A utilização de imagens de “pretos, pardos, mulatos, crioulos, morenos” agrega alguns quesitos ao padrão estético hegemônico há tempos promovido pela propaganda, mas não o modifica. A ascensão de classe não significa que a “cor” desapareça como um fator de distinção social. (Ibid.)

Almeida também analisa a questão da presença de atores negros na publicidade brasileira, especificamente. Na opinião da autora os negros estão mais presentes em anúncios que buscam certa representação do Brasil, como por

exemplo: em anúncios de varejo ou de cerveja, ou ligados à elementos de “brasilidade” como carnaval, verão, futebol, praias (ALMEIDA, 2003).

Embora a Coca-Cola seja uma das poucas marcas que historicamente usou atores negros (bem como orientais, ruivos, morenos, loiros) em sua publicidade, o caso do comercial analisado, veiculado em junho de 2013, é bem explicado por ambas as autoras, Beleli e Almeida: aqui a atriz negra é colocada num cenário urbano que se aproxima da pobreza das favelas e também no contexto de brasilidade ligada ao futebol.

Outros casos de escolha do elenco podem ser colocados nessa análise. Sotaques antes ausentes na publicidade começam a aparecer. No comercial de Vanish, por exemplo, veiculado no SBT durante a novela Carrossel, a escolha de uma atriz com um sotaque tipicamente paraibano chama atenção. Como grande parte das empresas e agências de publicidade estão localizadas no eixo Rio-São Paulo, dificilmente encontra-se na publicidade um sotaque de região diferente do país.

O comercial começa com um depoimento de um personagem apresentado como Claudia Louize. Além do nome, também faz parte da apresentação da personagem sua origem – Paraíba.

A escolha desse Estado certamente não se deve ao acaso. Segundo a publicação do Governo Federal Vozes da Classe Média (BRASIL, 2012a), o Nordeste foi a região onde mais cresceu a população de classe C. Em 2002, esse grupo representava 22% da população da região, em 2012, passou a representar 42%.

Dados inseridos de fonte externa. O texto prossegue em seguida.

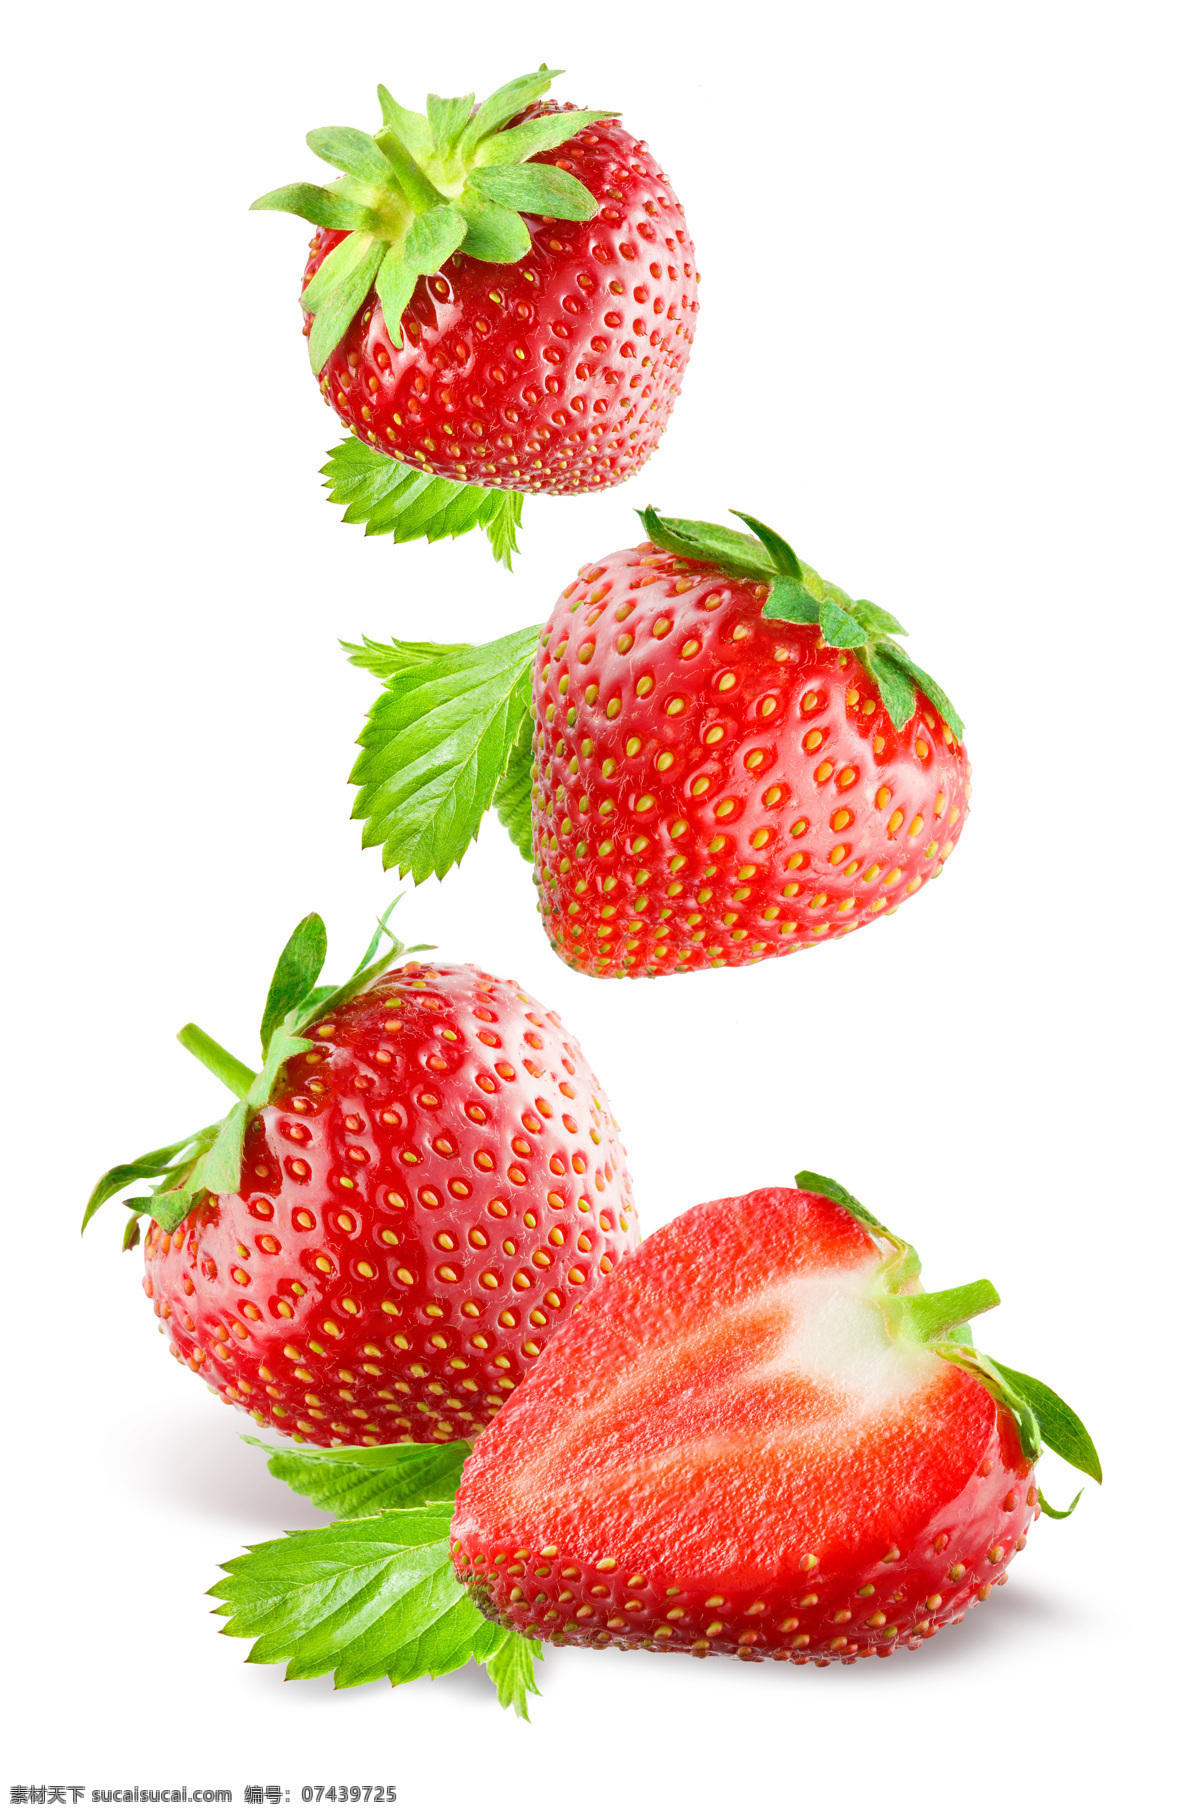 新鲜草莓摄影 草莓 草莓果肉 新鲜草莓 新鲜水果 草莓摄影 水果蔬菜 餐饮美食 白色

Claudia Louize, da Paraíba, conta sua experiência com clareamento de roupas brancas. “Quando você bota água sanitária na roupa branca, ela fica amarela. E quando você cheira assim, a pessoa sabe logo, cê usou água sanitária né. Foi muito fácil pra mim depois do Vanish lavar roupa. Menina, aquele grosso sai todo assim ó. E além de ficar branco, ele conserva a roupa”.

Figura 55: Comercial Vanish 1

As cenas seguintes mostram a personagem utilizando o produto: “Dou uma esfregadinha, deixo a roupinha de molho lá, ponho na máquina, e aí faz o ciclo normal. Uma boa roupa branca é a melhor aparência que a pessoa pode dá”.

Uma voz diferente encerra a peça: “Vanish Crystal White. O branco até três tons mais branco”.

Figura 56: Comercial Vanish 1

Todos os detalhes de uma peça publicitária são escolhidos deliberadamente com o objetivo de capturar a atenção do seu público-alvo, gerando identificação. Desde os cenários, a locação da filmagem, até o elenco, seu sotaque, maquiagem, penteado e figurino. Após a filmagem, o tratamento das imagens também cumpre um papel de acordo com o objetivo daquele comercial, podendo esconder imperfeições ou valorizá-las, criar uma atmosfera de fantasia ou limpeza. Nesta sessão foi possível analisar comerciais que lançam mão desse tipo de artifício para atrair o público de classe C.